_Dataset section_.
#####
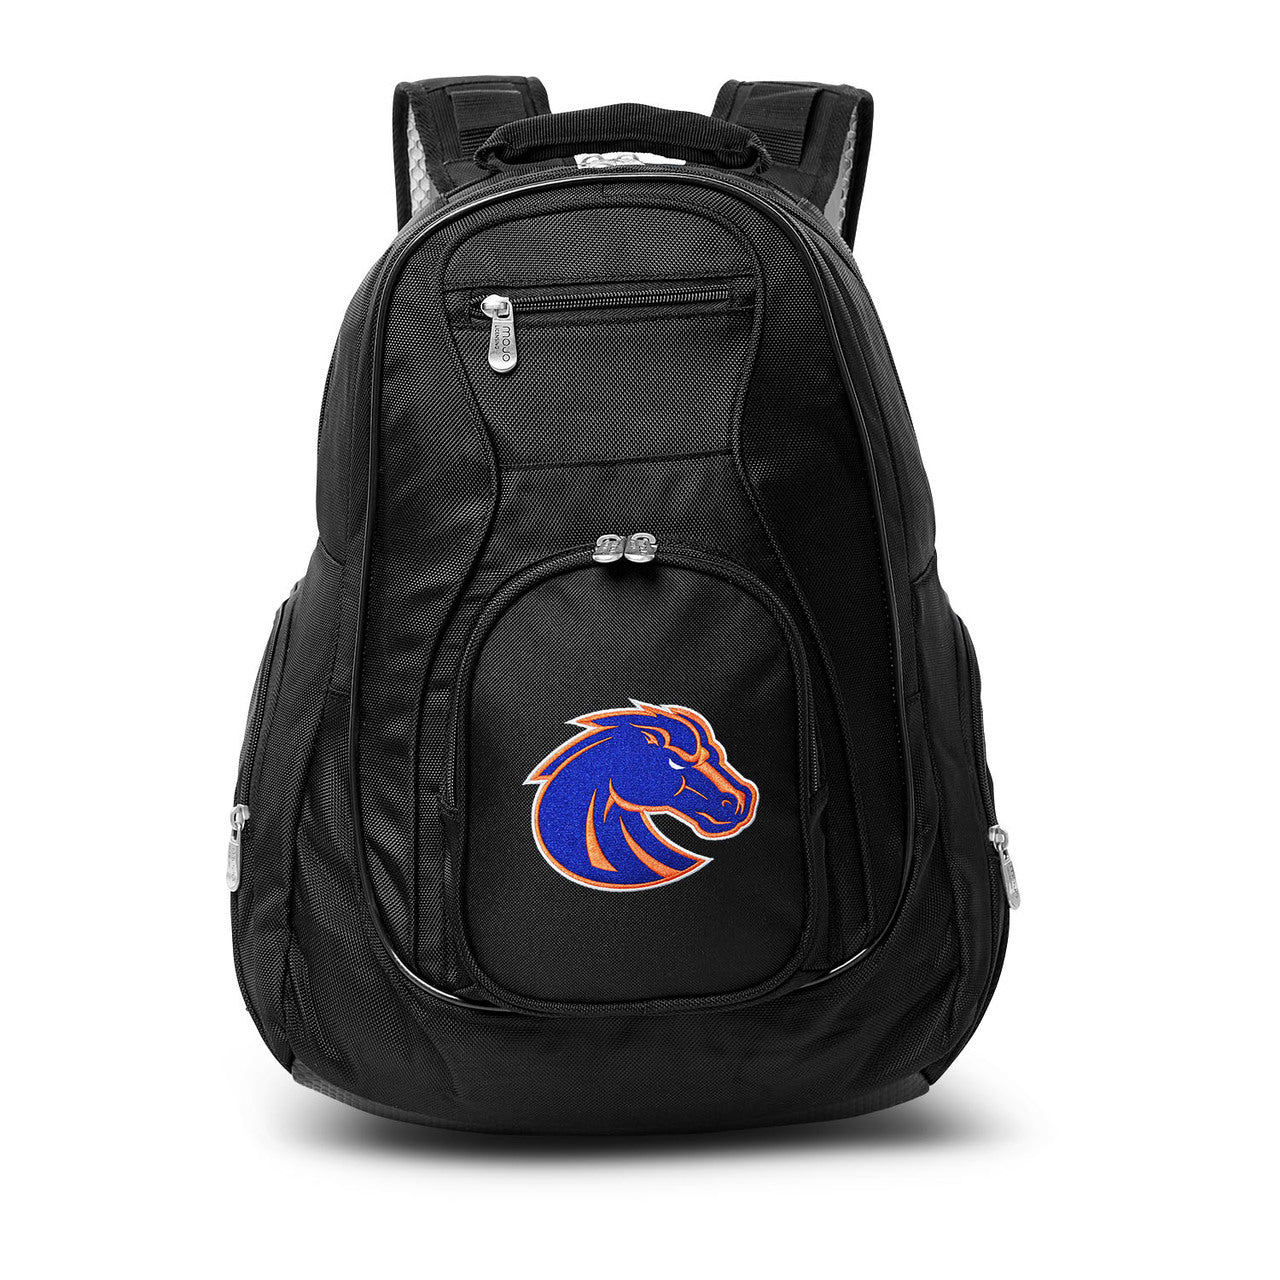 Boise State Broncos Laptop Backpack in Black
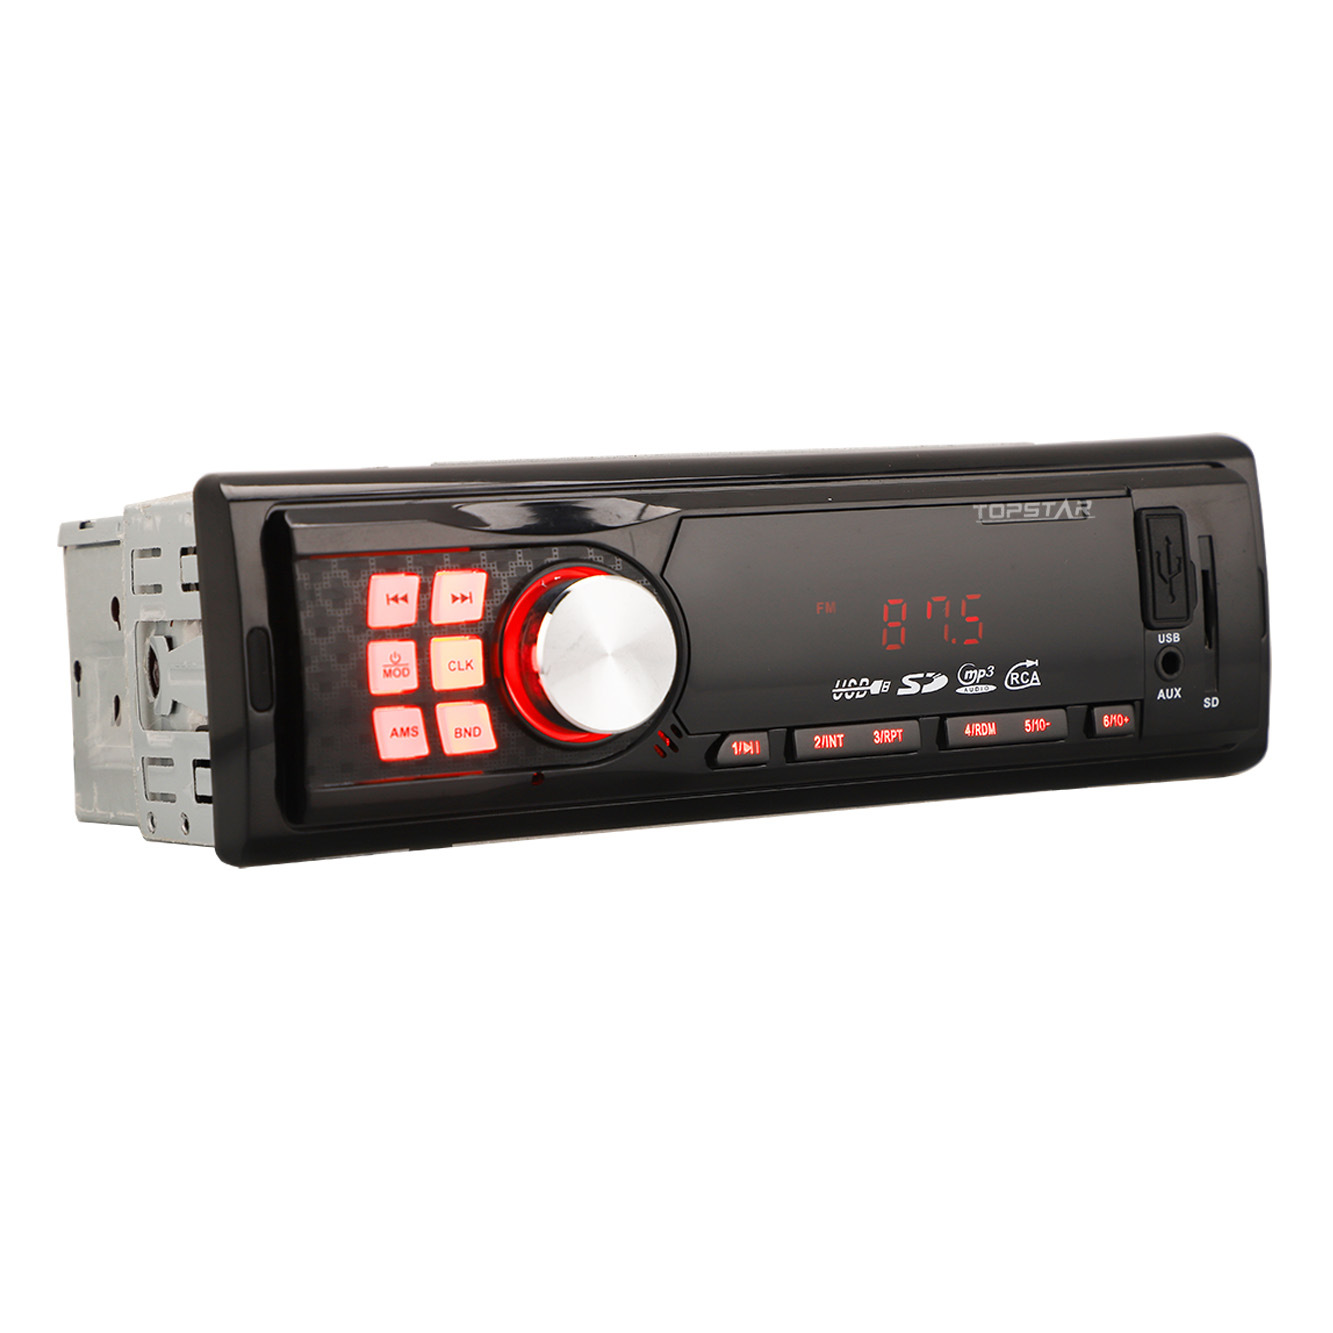 FM Transmitter Audio Auto Audio Car Stereo Car Audio Car Accessories Car Radio with FM Car MP3 Audio Player
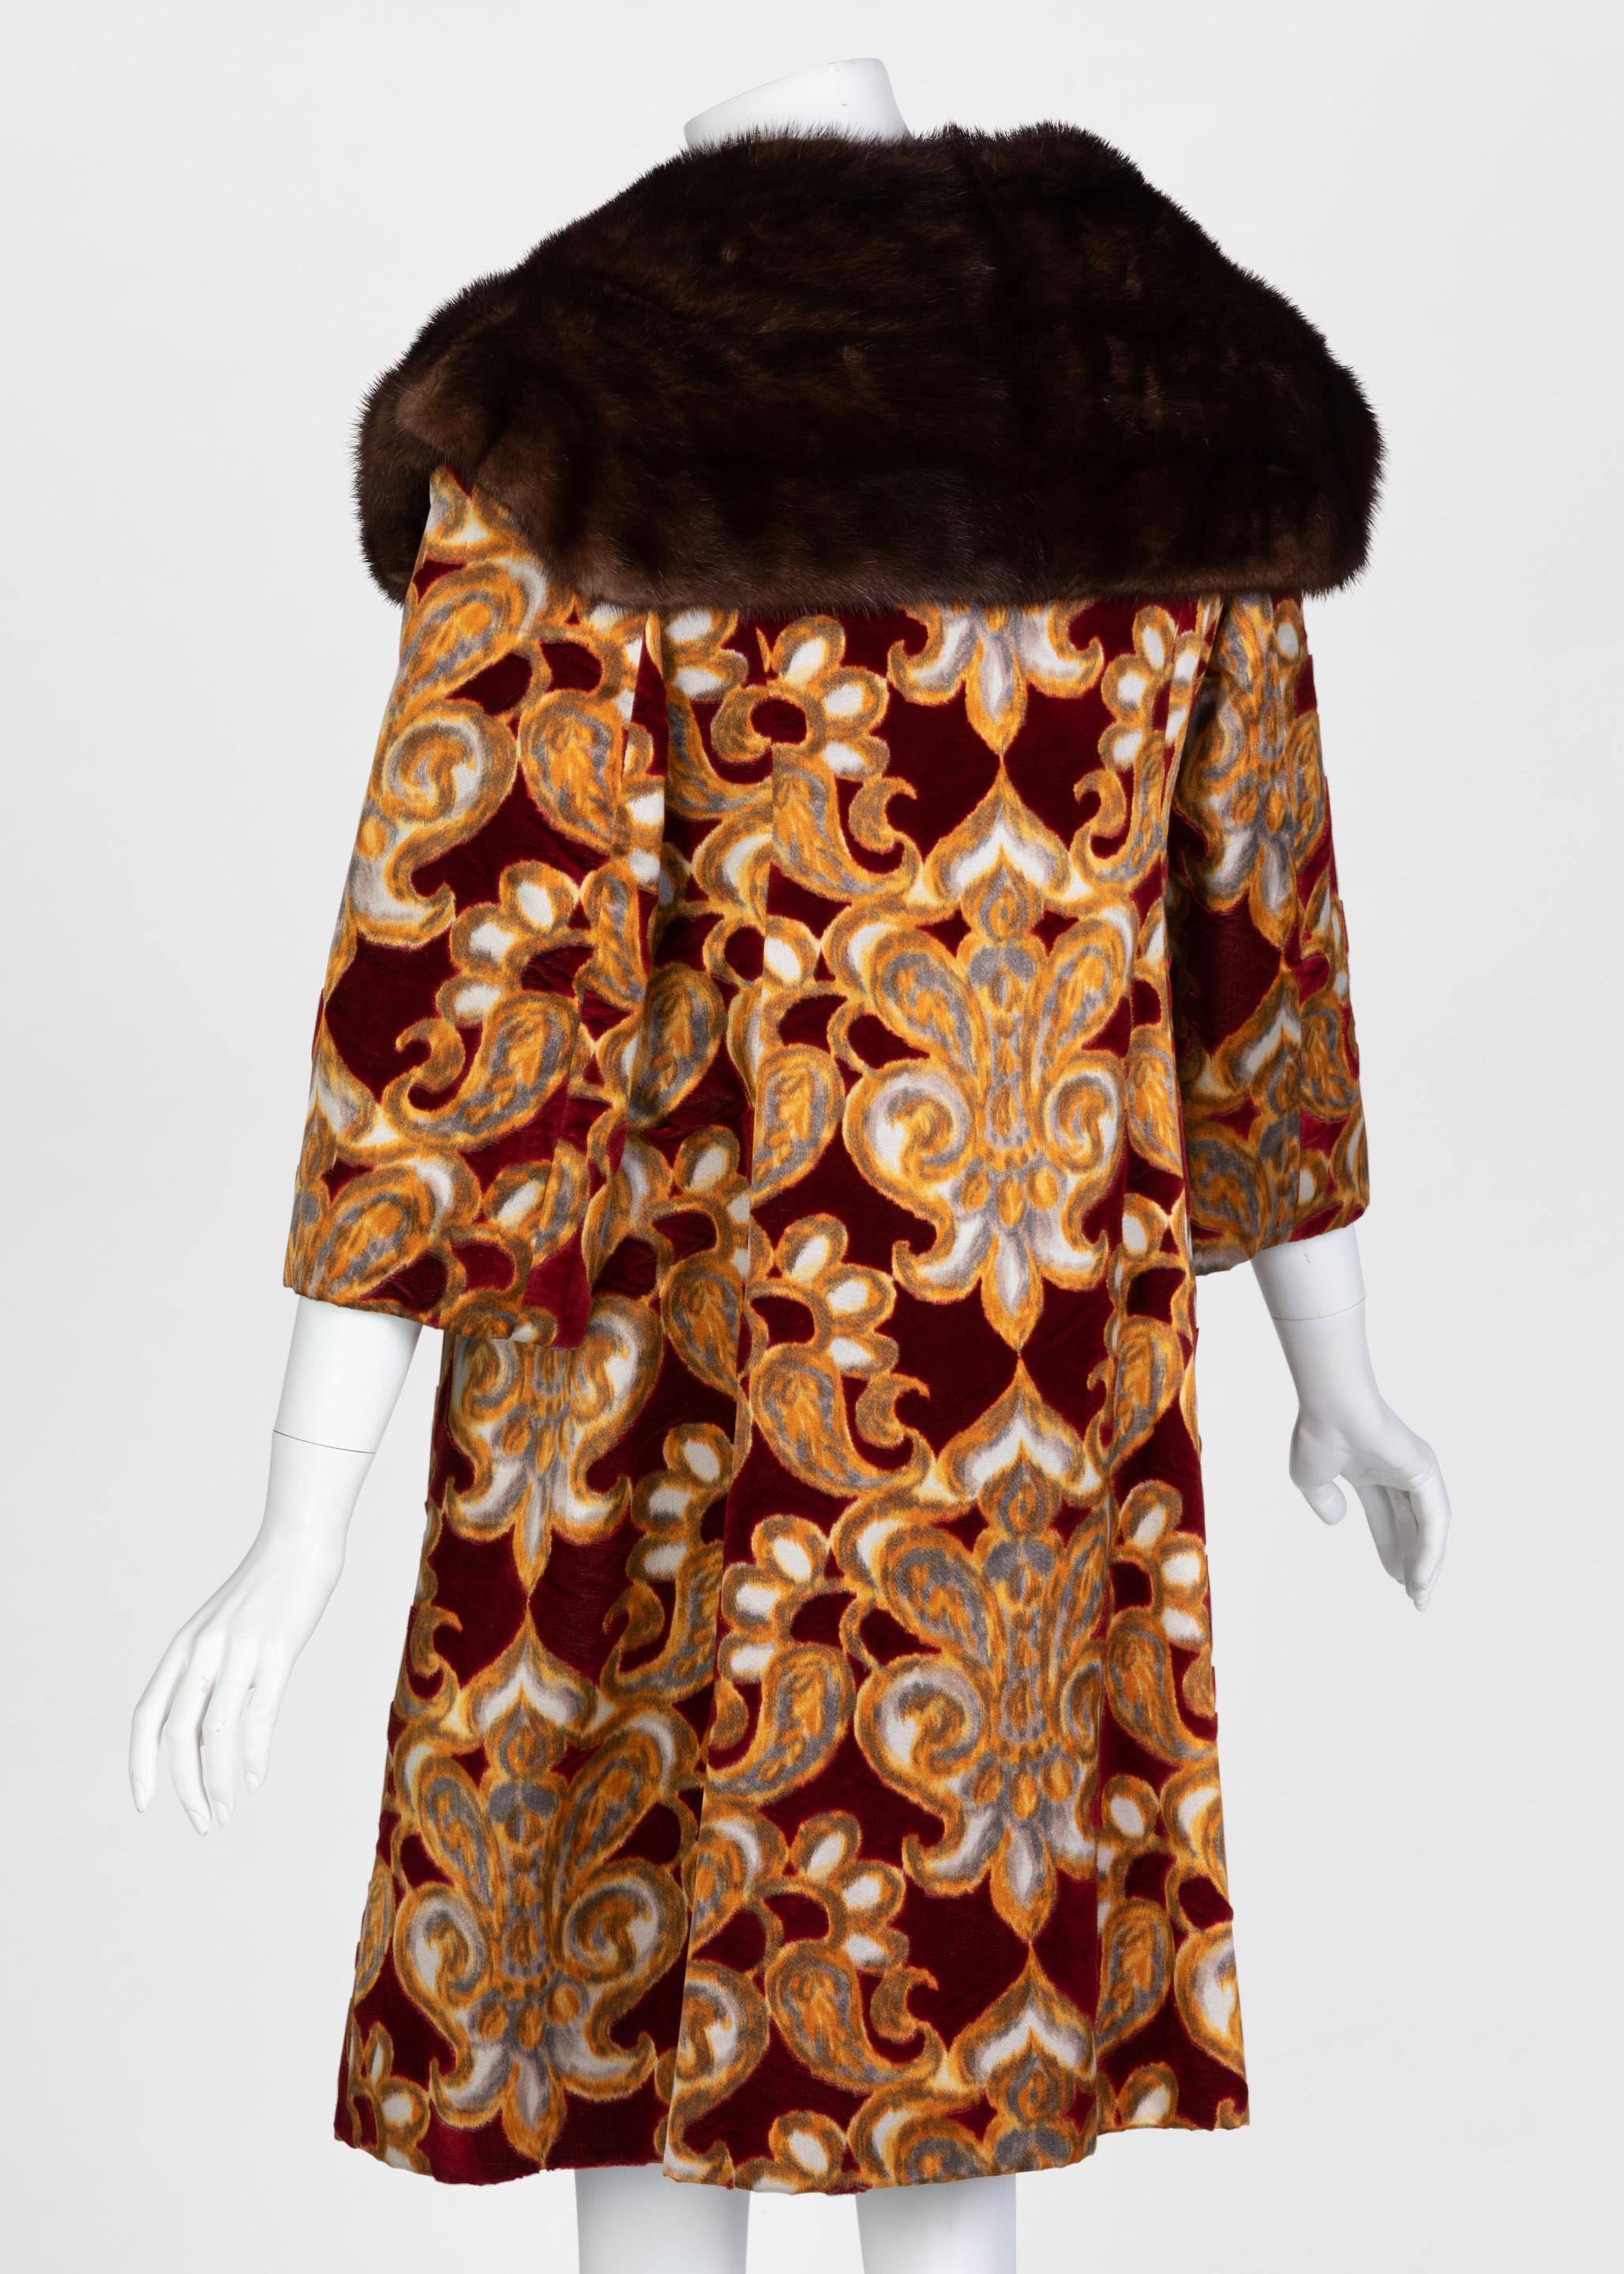 Galanos Couture Red Gold Velvet Fur Trimmed Coat & Dress Ensemble, 1982 For Sale 2
#####
_Assignment_. Skipping the images, write out the whole listing exactly.

_Response to this task_.
 Boise State Broncos Laptop Backpack in Black
 FM Transmitter Audio Auto Audio Car Stereo Car Audio Car Accessories Car Radio with FM Car MP3 Audio Player
 Galanos Couture Red Gold Velvet Fur Trimmed Coat & Dress Ensemble, 1982 For Sale 2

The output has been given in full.